Welcome to the Quantum Computing Lab

Introduction

We are a newly established research group in the School of Computer Science, College of Computational, Mathematical, and Physical Sciences (CCMPS), University of Guelph. We advance hybrid quantum–classical machine learning (QML) with a focus on robust training, noise-aware evaluation, and reproducible research software—so that near-term quantum hardware can be assessed credibly and compared fairly across platforms

Research focus: Robust Hybrid Quantum Machine Learning (QML)

Hybrid QML offers a practical path to extracting value from noisy intermediate-scale quantum (NISQ) devices, but progress is limited by unstable optimization, sensitivity to device noise and sampling error, and weak reproducibility across hardware and simulators.  

Our lab addresses these bottlenecks by developing hybrid QML algorithms and benchmarking infrastructure that enable consistent, transparent evaluation.

International collaboration (Canada–Netherlands)

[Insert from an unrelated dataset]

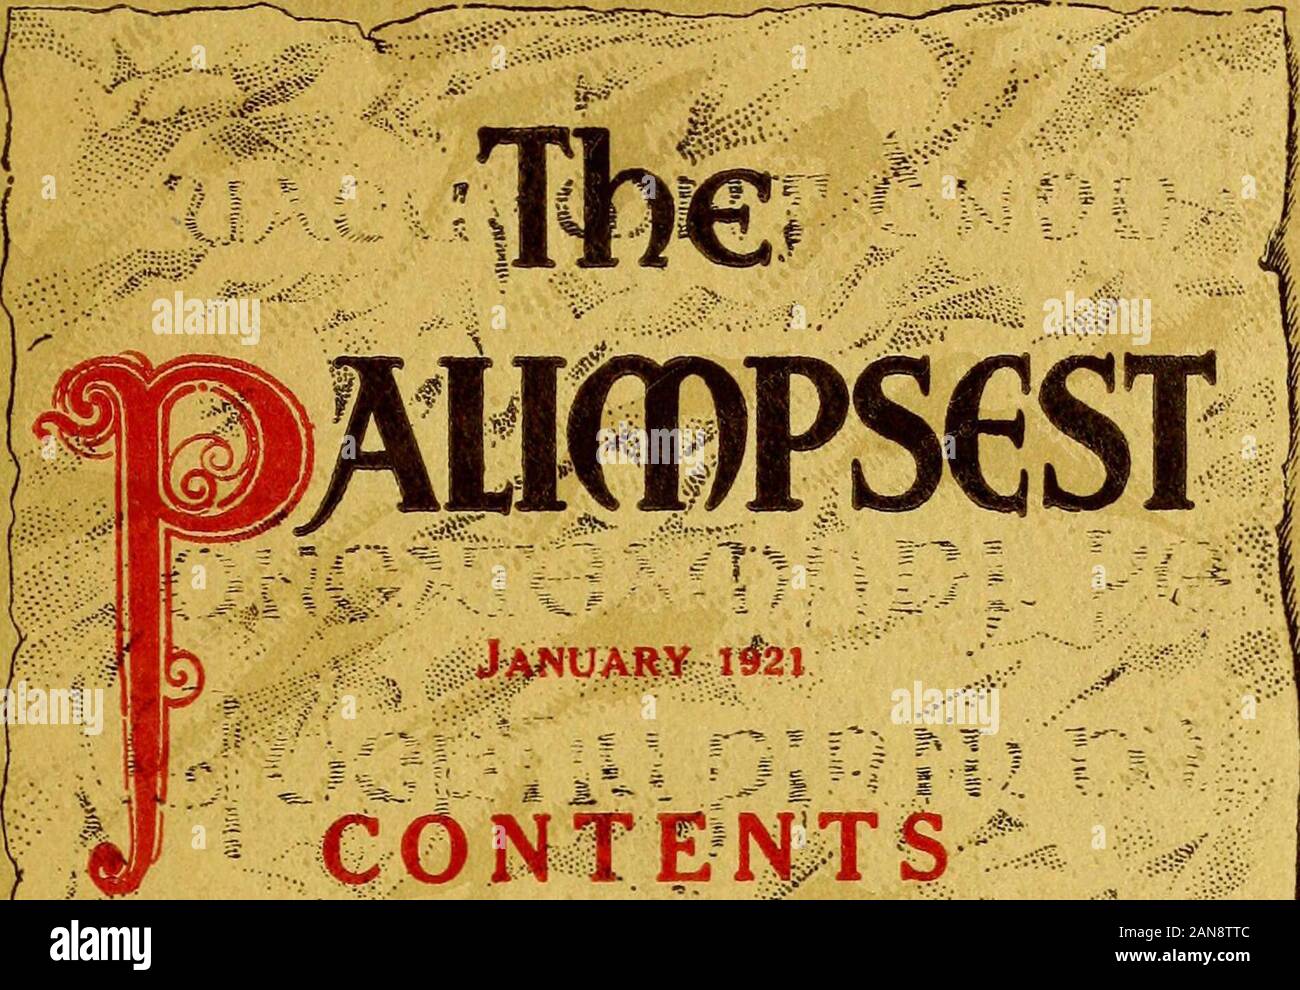 The Palimpsest . Gallaher 178 The Pacific City Fight Donald L. McMurry 182 Comment by the Editor 190 Number 7 — July 1921 Amana Bertha M. H. Shambaugh 193 Comment by the Editor 229 CONTENTS VNumber 8 — August 1921 Perils of a Pioneer Editor John C. Parish 233 The Coming of the Railroad Sarah Ellen Graves 240 A River Trip in 1833 Charles J. Latrobe 244 Comment by the Editor 264 Number 9 — September 1921 The Cardiff Giant Pikes Hill Magnolia Comment by the Editor Ruth A. Gallaher 269 Bruce E. Mahan 282 Blanche C. Sly 290 298 Number 10 — October 1921 The Way to IowaFrom New York to IowaA Study in Stock Photo
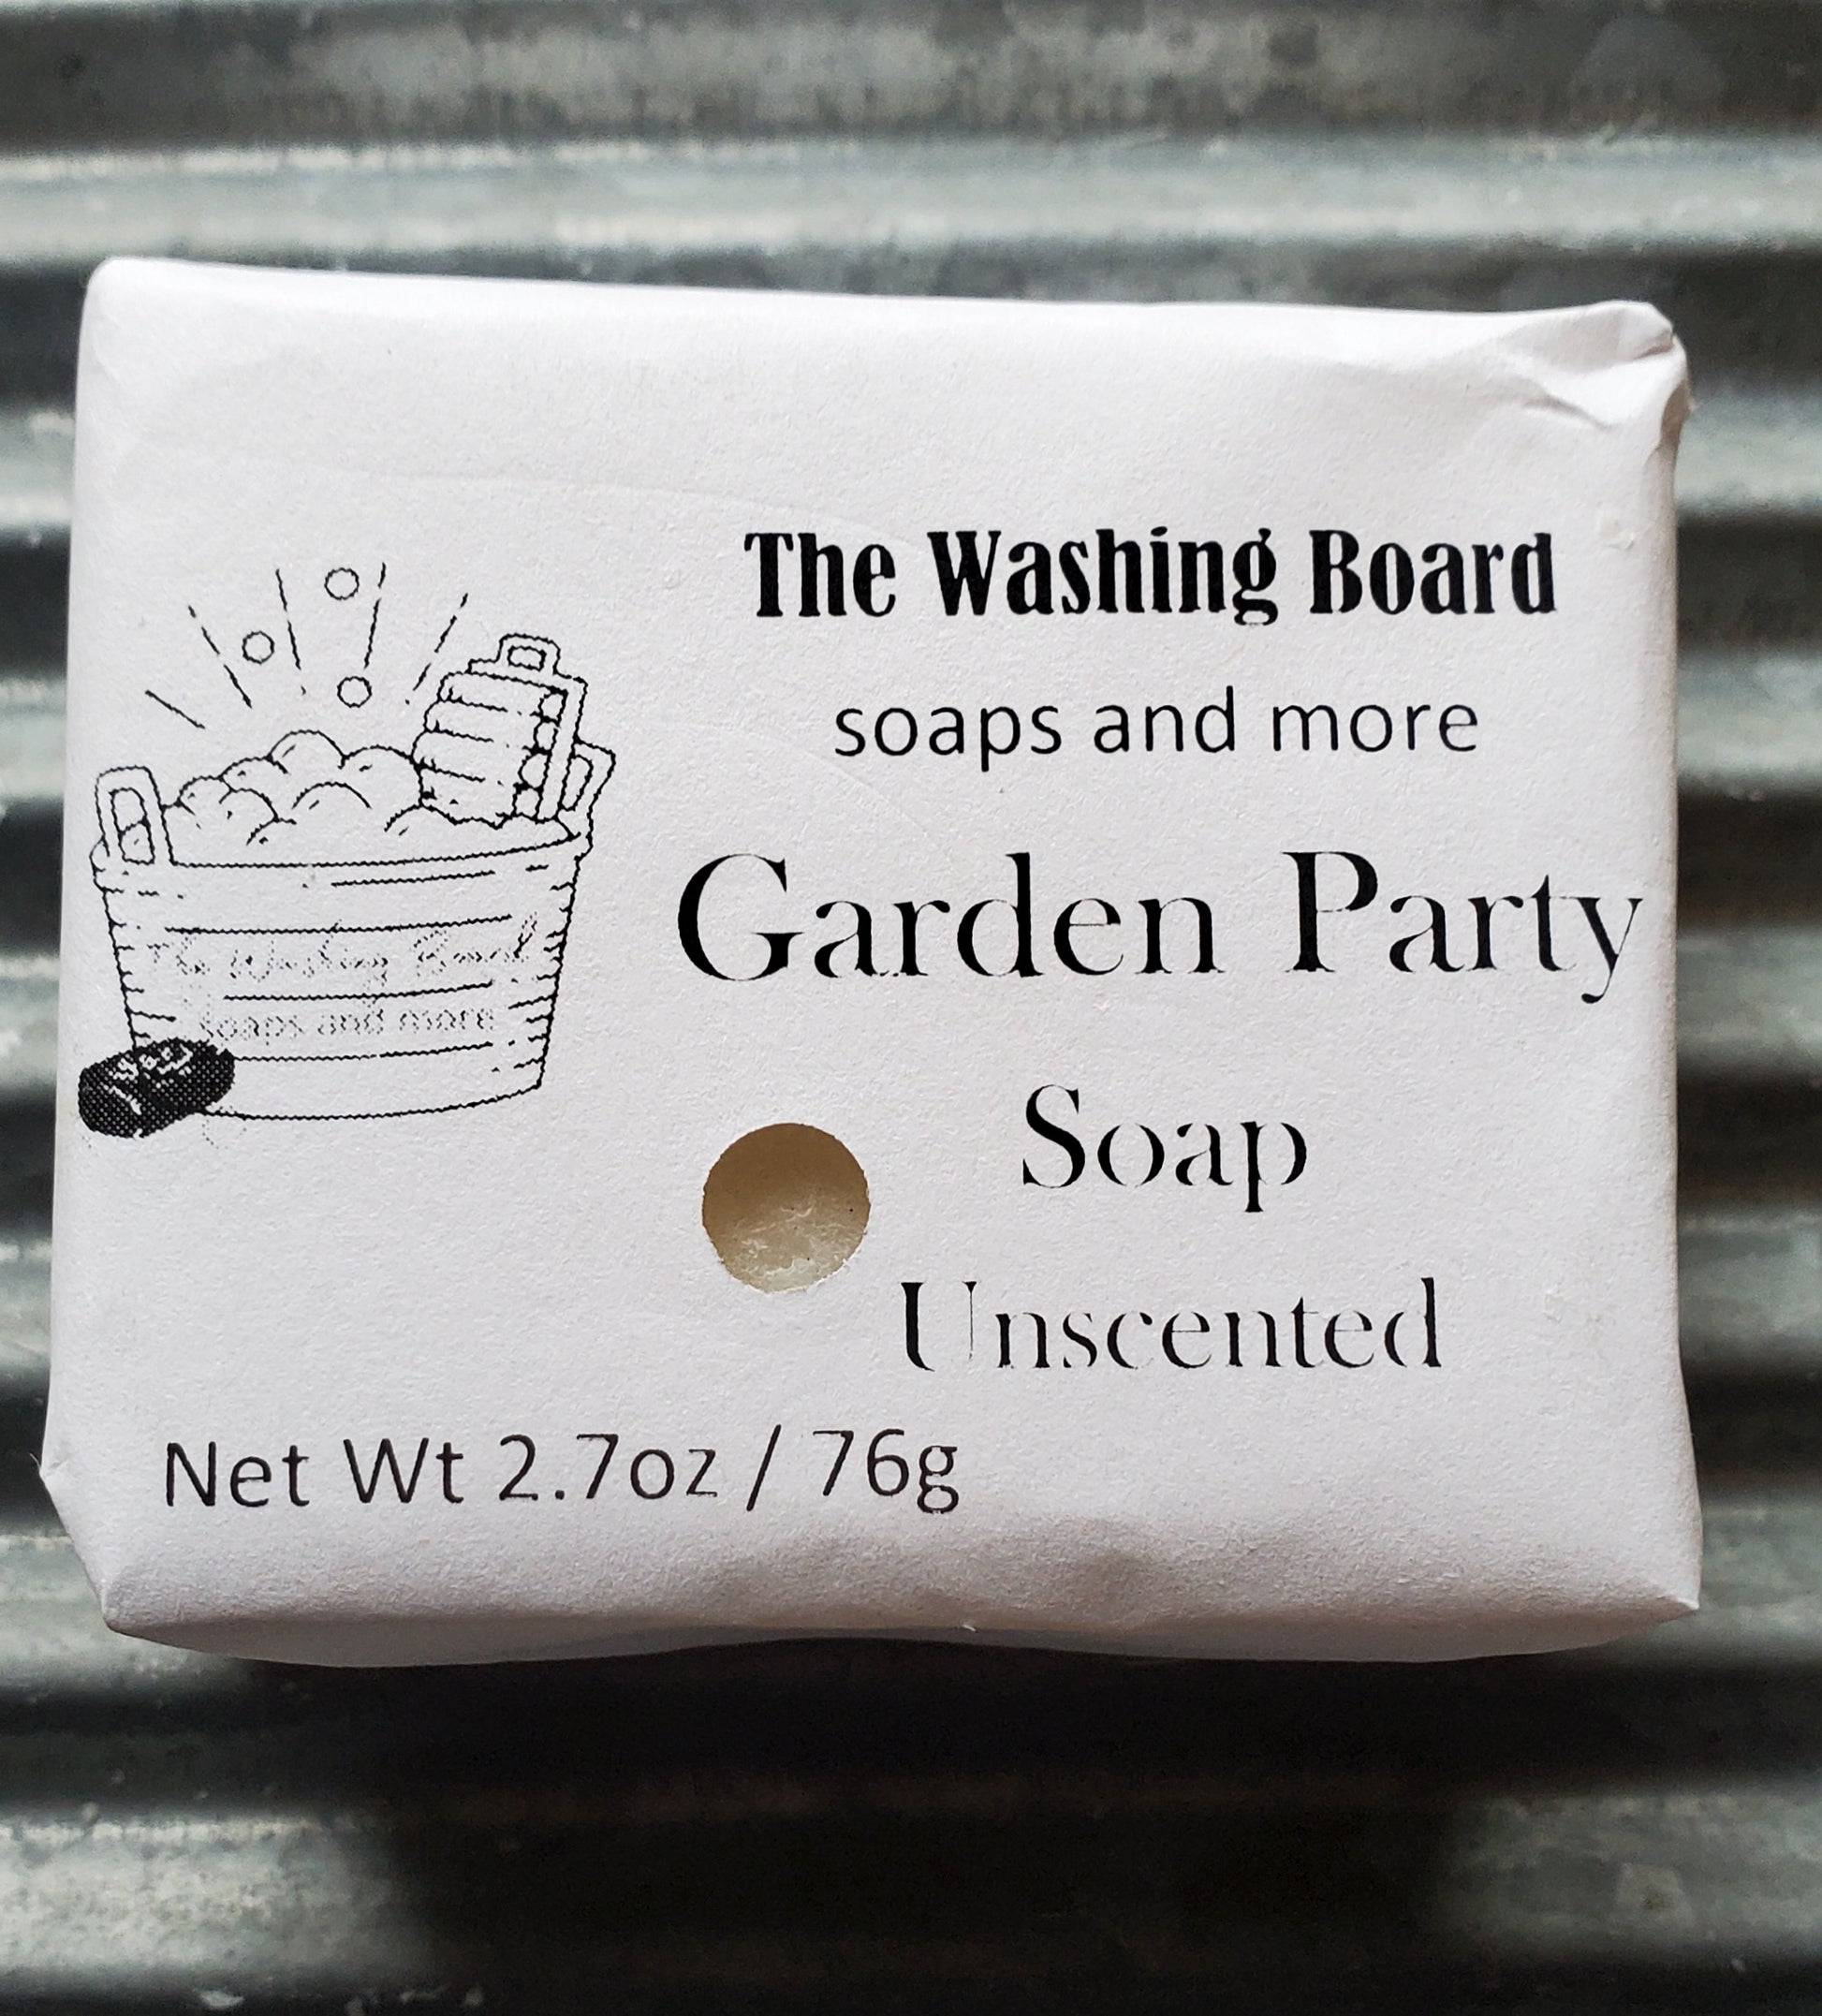 Garden Party bar shown in eco friendly packaging on a washboard.

We are establishing a focused collaboration between the University of Guelph and Leiden University to co-design robust hybrid QML methods and to build shared capacity in open-source quantum software, benchmarking, and HQP training.

What we aim to deliver

  • Robust hybrid QML algorithms with reference implementations suitable for NISQ-era evaluation.  
  • An open, reproducible benchmarking workflow (tasks, evaluation scripts, and reporting templates) to compare results across simulators and available hardware backends.  
  • A structured training program for highly qualified personnel (HQP) through co-supervised projects, joint seminars/reading groups, and software development sprints.    
  • An enduring Canada–Europe research partnership.

Training and lab culture

We welcome undergraduate, MSc, PhD, and postdoctoral researchers interested in the science and engineering of quantum computation at the intersection of quantum algorithms, optimization under noise, benchmarking, and reproducible research software (version control, testing, documentation, and release workflows)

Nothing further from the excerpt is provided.